On the other hand, we’ve been contributors to open science. Over many years, we collected a particular dataset called Big Brain, which is a very large digital dataset of the human brain. We put it in the public domain and 25,000 groups have downloaded that data around the world. We have no idea what most of them are doing with that data and that’s OK because that data will help generate many, many publications that will be good for society.

Guy Rouleau: When I go around to other institutions, most people think I’m crazy to do this. It is kind of heretical to the way we were raised. However, if you look at young people now, they are already all onboard. They believe in this. They say “sharing and propagating information, this is great.”

Question from the audience: Are you trying to change the corporate world?

Guy Rouleau:  I don’t think we’re changing the corporate world, but we are adopting things that will have some effect on the corporate world.

This is basically the consequence of the internet and of being able to deal with large data sets and be able to share. What we want to do now would have been impossible 10 years ago. We’re just one manifestation of the changing world due to the increasing interconnectivity of people.

We’re not changing, but tweaking, the corporate world.

Question from the audience: In parallel to open science there are also open scientific contests, that are often won by people outside academia. Where will we see a merging of the world of open science and the world of science driven by incentives?

Alan Evans: The practice of science is changing before our eyes.

The data is out there. Who would have thought, as an example, that Wikipedia would have succeeded? If I told you that we were going to build a digital encyclopedia that anybody can write it, you would have thought it was a recipe for chaos.

But there are all kinds of checks and balances from the community and good stuff emerges.

The same kind of principals attend open science. All the data will be out there in one form or another. Lots of people will analyze it. Some people will do bad science but the community will correct them. It will bootstrap its way along.

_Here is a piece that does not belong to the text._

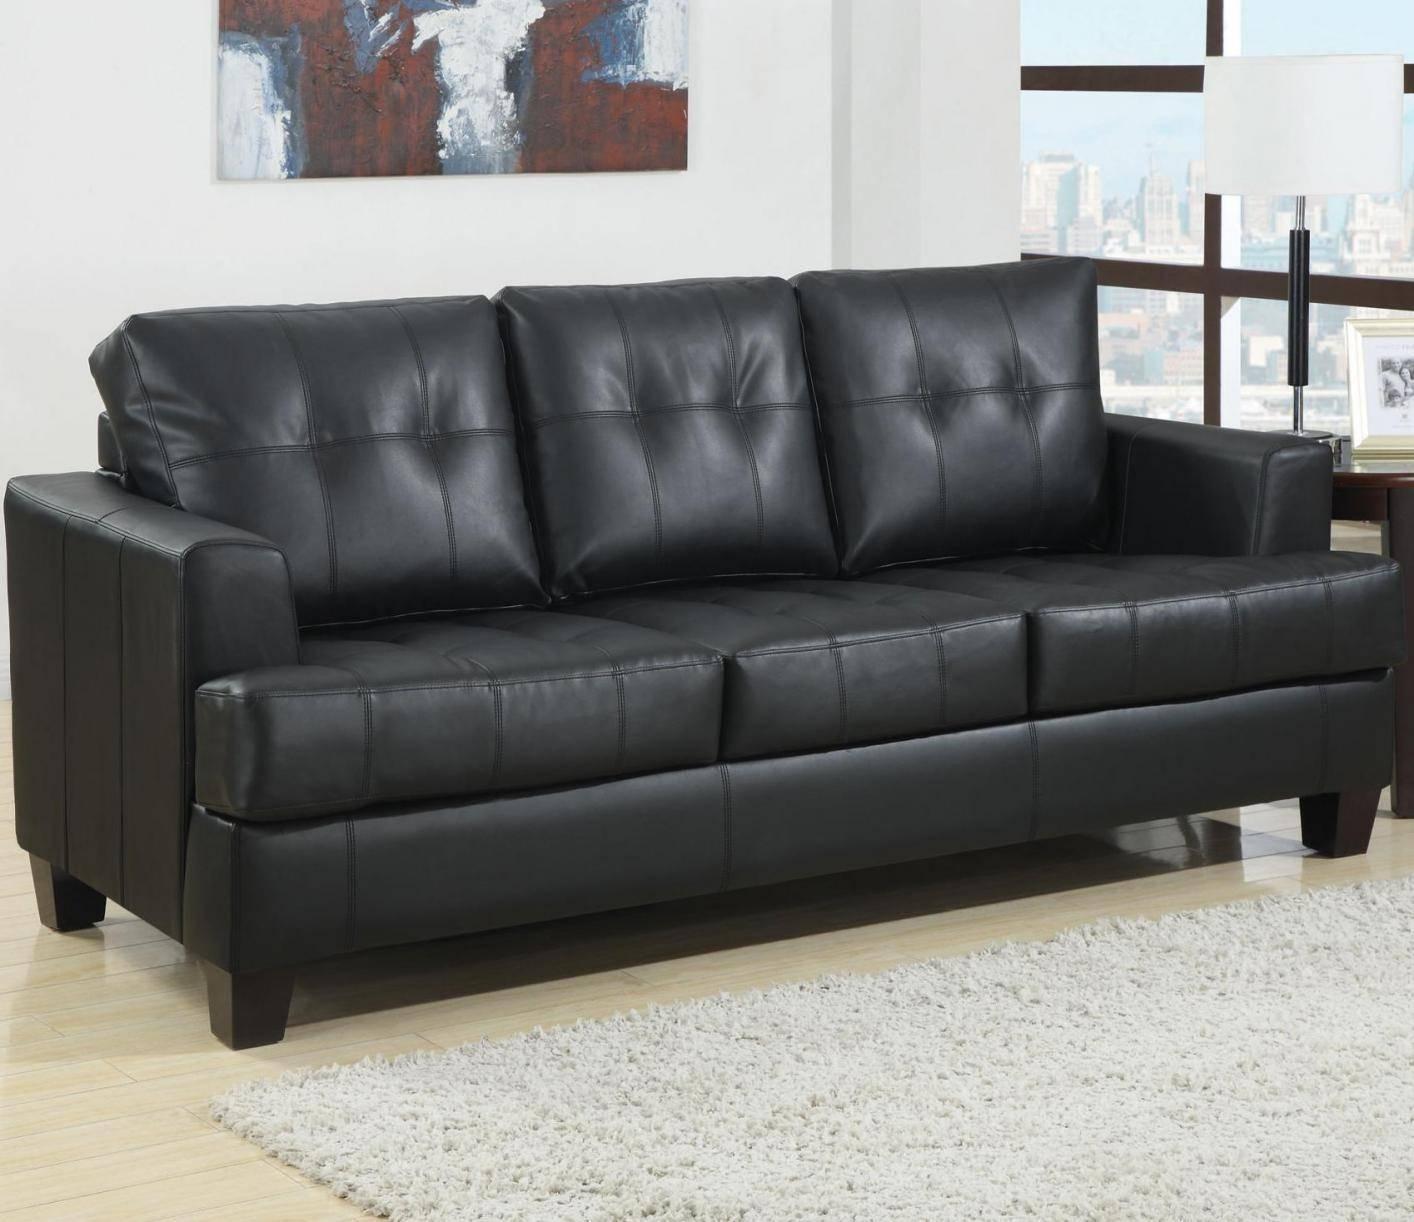 20 Top Craigslist Sleeper Sofas | Sofa Ideas In Craigslist Sleeper Sofas (View 4 of 15)

It’s no longer the monolithic paper. Somebody puts a paper out there and it takes so much time for somebody else to collect another dataset and either agree with or refute that data – that takes years.

Now you have a situation in which hundreds of people can analyze that data – and the preponderance is the good stuff will rise to the top, like Wikipedia.

We’re not selling this, we’re just trying to hang on by our fingertips to something that is happening anyway. The digital revolution is upon us. Get on this train or be under it.